LUKE: That’s the crux.

KOSTA: I get that sense of that anxiety in the Indigenous empowerment conversation, where all the Indigenous scholarship that I’ve read in the brief research that I’ve done, it’s linked…

This idea of Indigenous empowerment has been linked to so many different positive outcomes for Indigenous people in Australia, whether it’s reduction of suicide rates, reduction of over-representation in incarceration, increased representation in leadership and employment, and all these sorts of things.

I guess, as we start to look towards the future from here on in, Luke, where’s the starting point? For people that genuinely want to support Indigenous empowerment, or for Indigenous people themselves to really embrace that outlook. Just from your experience, obviously it’s going to be different for everyone, but can you see any clear starting points or some clear obstacles that we can remove?

LUKE: There’s no shortage of obstacles. Just to address that point, because I think it’s really important to acknowledge — when we’re talking about the starting point, it has long started, man. Communities are doing and navigating and fighting and surviving in so many different ways.

KOSTA: Sure. Yeah, fair point.

LUKE: One of the things that came up in the training yesterday that I really struggled with — and it hit me in a sore spot, as they do sometimes when you’re doing that work — was someone saying, “How do we take this from the theoretical to the practical?” And it’s like, when I’m talking about racism and anti-racism, this isn’t theoretical.

KOSTA: This is real life.

LUKE: For me, this is my all day, every day. This keeps me up at night, worried about my children, my wife, my friends, my community. This is what’s killing people. This is not an abstract idea of the manifestation of white supremacy. This is real.

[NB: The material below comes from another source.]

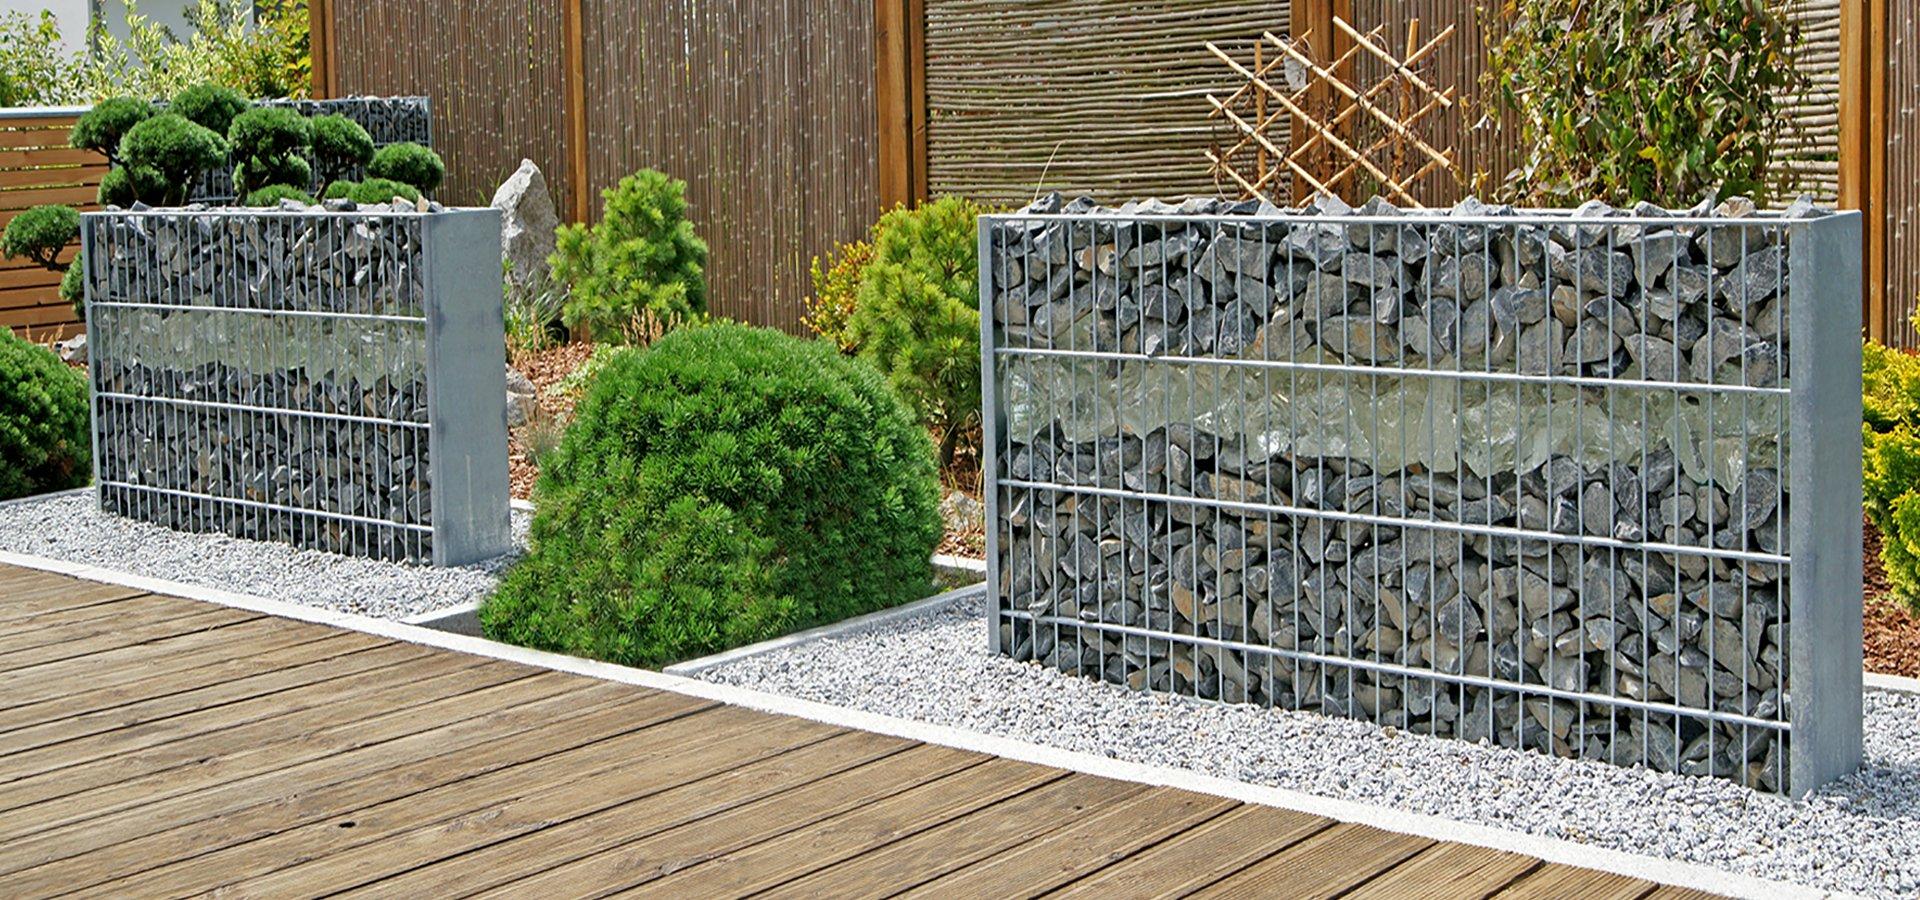 Gartendesign  Company - Kohout's Gartendesign GmbH & Co. KG - Prietitz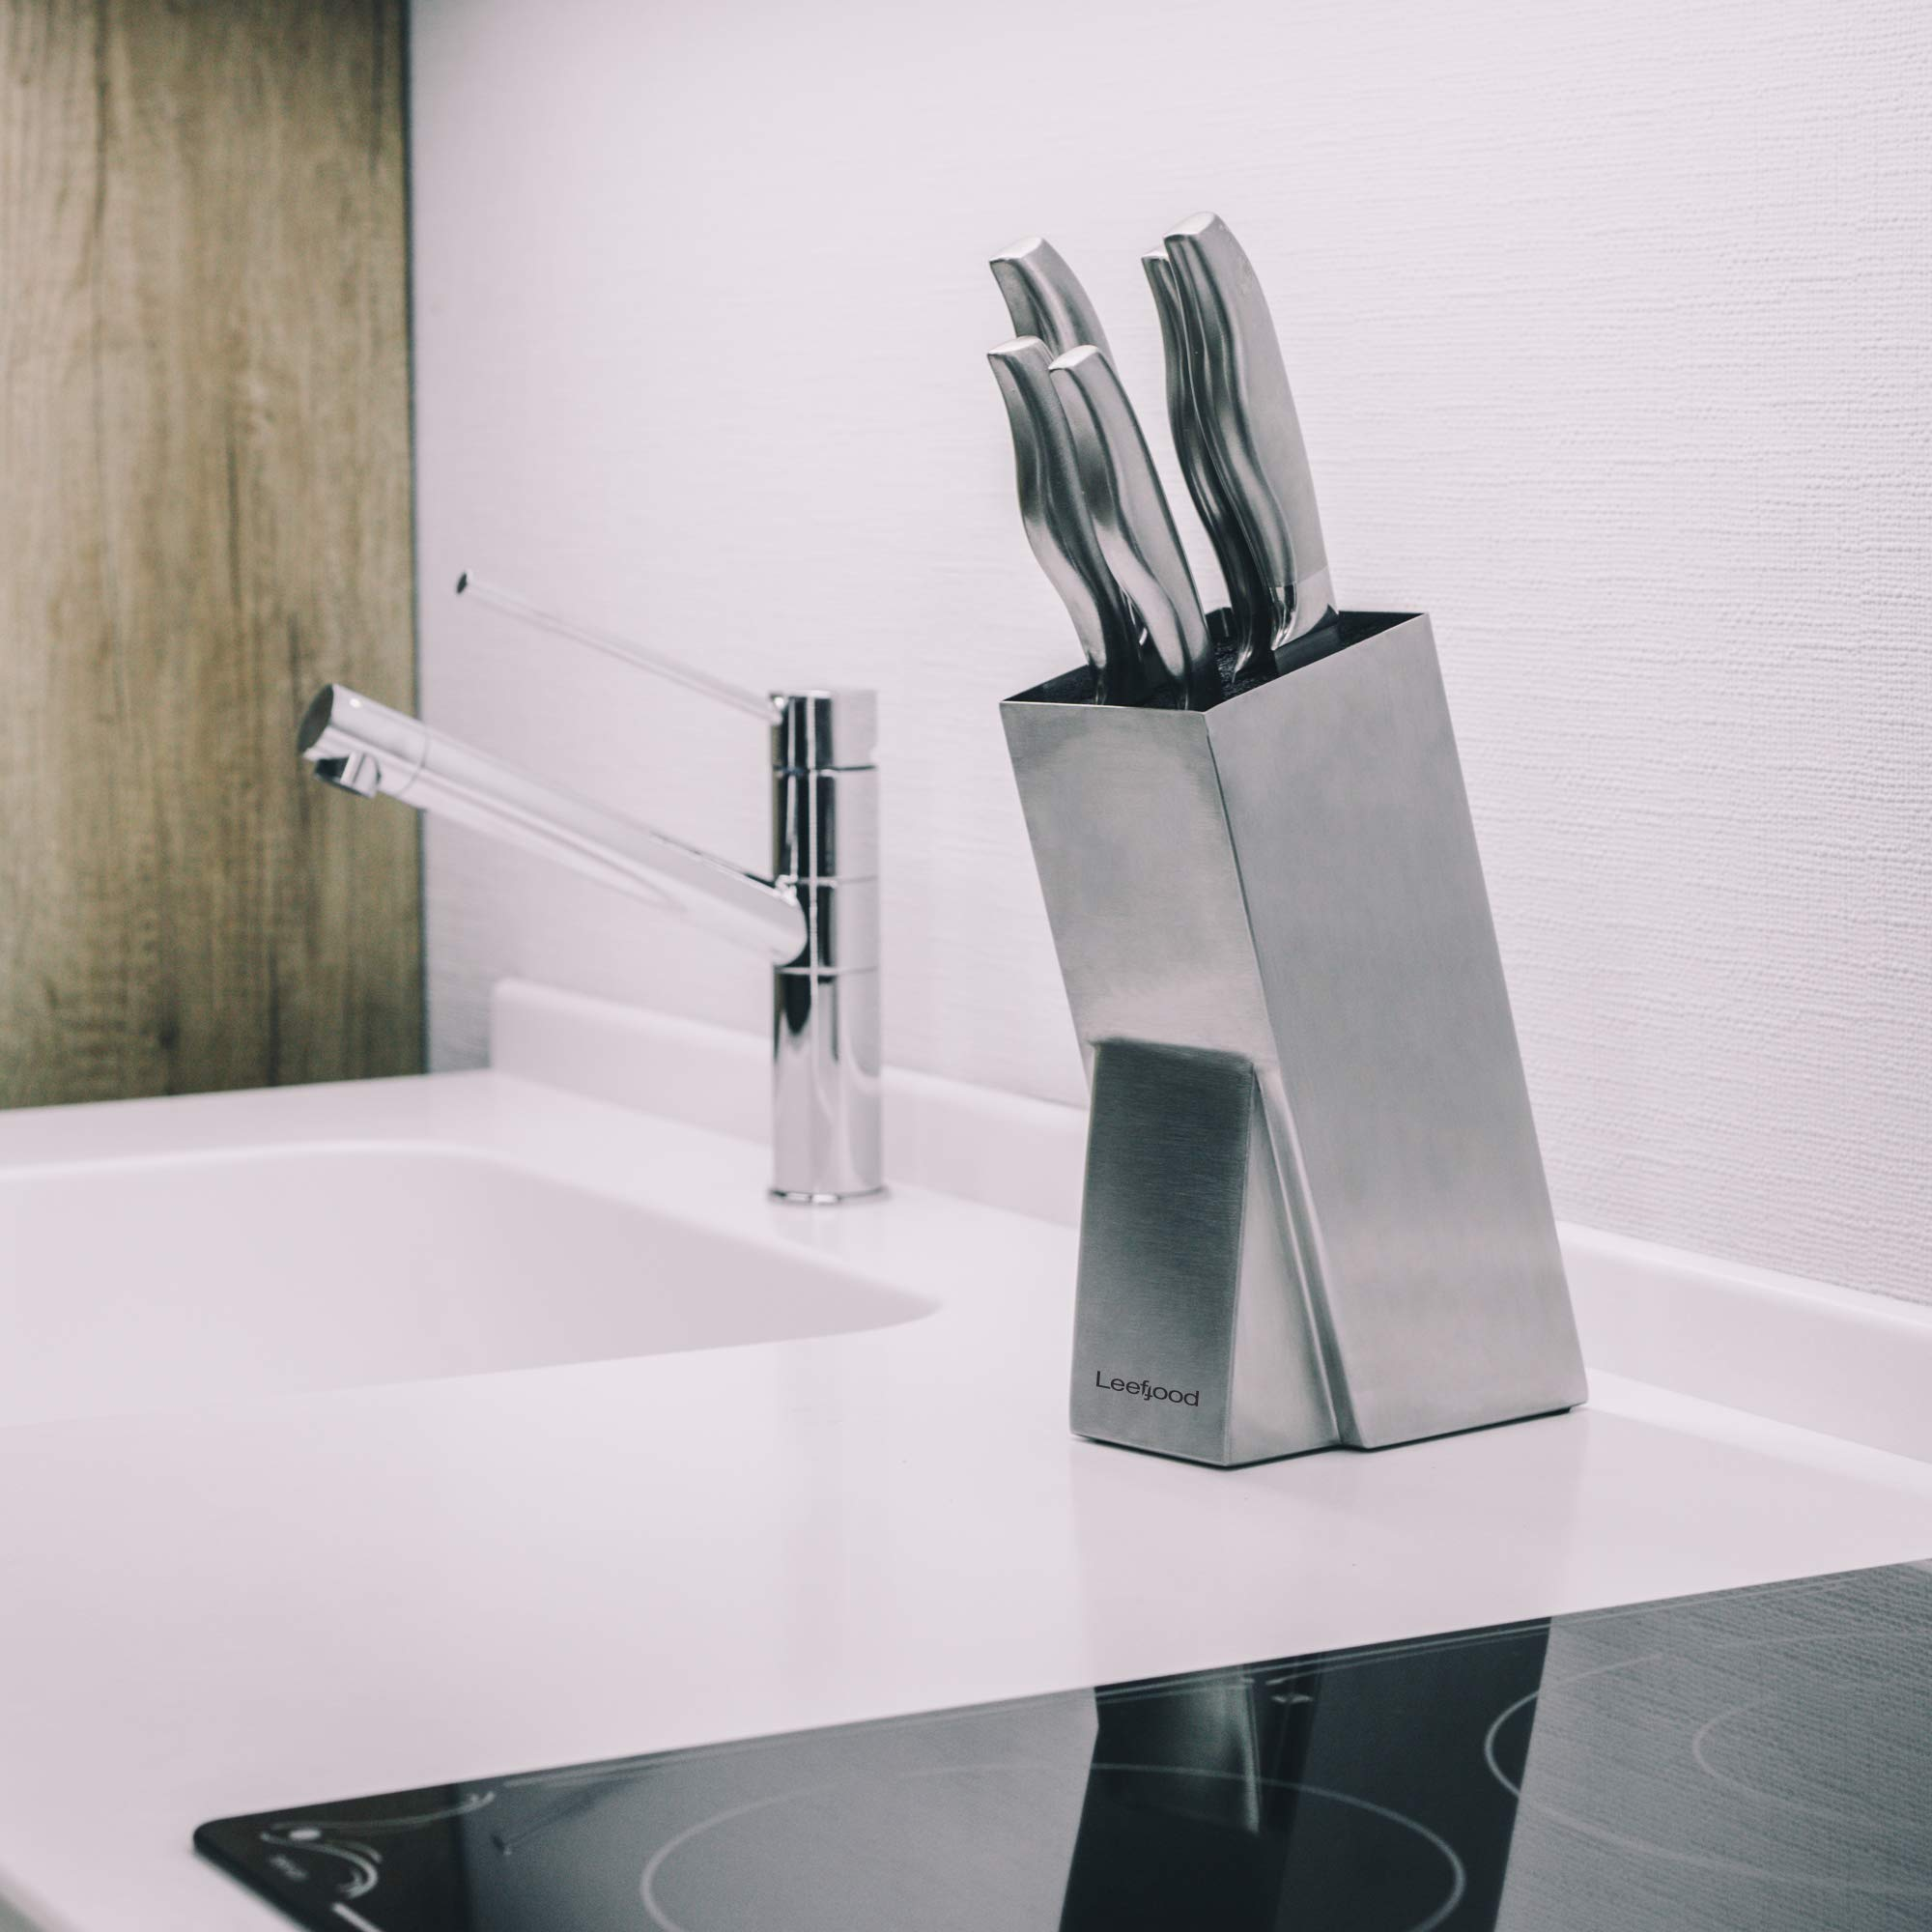 Universal Stainless Steel Knife Block Organizer – For Safe Kitchen Knife Holder Easy Clean Dishwasher Safe – Space Saver Knife Storage Stand by Leeffood (Image #6)

And similarly, that construction within white supremacy invariably leads to that creation of black inferiority.

And then that becomes, “We’re this pitiful thing. We’re this charitable thing. We need help. How can people help?” So much of what we’re talking about is not, how can people help, in that way?

KOSTA: Yes, in that traditional way. Yeah.

LUKE: Yeah, yeah, yeah. Mob are out there doing this work and are on the front lines doing it. Bringing yourself up to speed on who’s doing what, where, that interests you. But also, even that is a charitable mindset, of the fact that you have the ease of picking “What are the ones I like?” and working on those.

KOSTA: Yeah. Sure.

LUKE: But the reality for most people, man, is that’s what they’re going to do. So I accept that as a starting point.

KOSTA: Okay.

LUKE: But if you are going to get involved meaningfully, then you’ve got to find ways that you’re useful. And this is something that people who are trying to empower different groups, and meet the needs of different groups, and reach out to the community at large…

I was listening to a podcast recently (this was in the UK), and someone was talking about [how] they started a charity for sanitary products for women, and it’s grown beyond that. All the time, someone will send in half a bottle of shampoo or something like that. It’s like, “We don’t want your used half-bottle of shampoo, man. That’s not respecting the dignity of these people.”

But when you have that charity mindset, it’s like, “Oh, you should be thankful with my crumbs. You should be thankful for my throwaways.” Or, “Anything I give you, you should be grateful for.” If you’re coming in with that mindset, you’re probably going to get in the way. And you’re going to be very surprised when you’re like, “Oh, aren’t you uppity? You didn’t accept my half-eaten sandwich. You can’t be that hungry then.” It’s like, “That’s not what we’re doing. That’s not what we’re talking about.”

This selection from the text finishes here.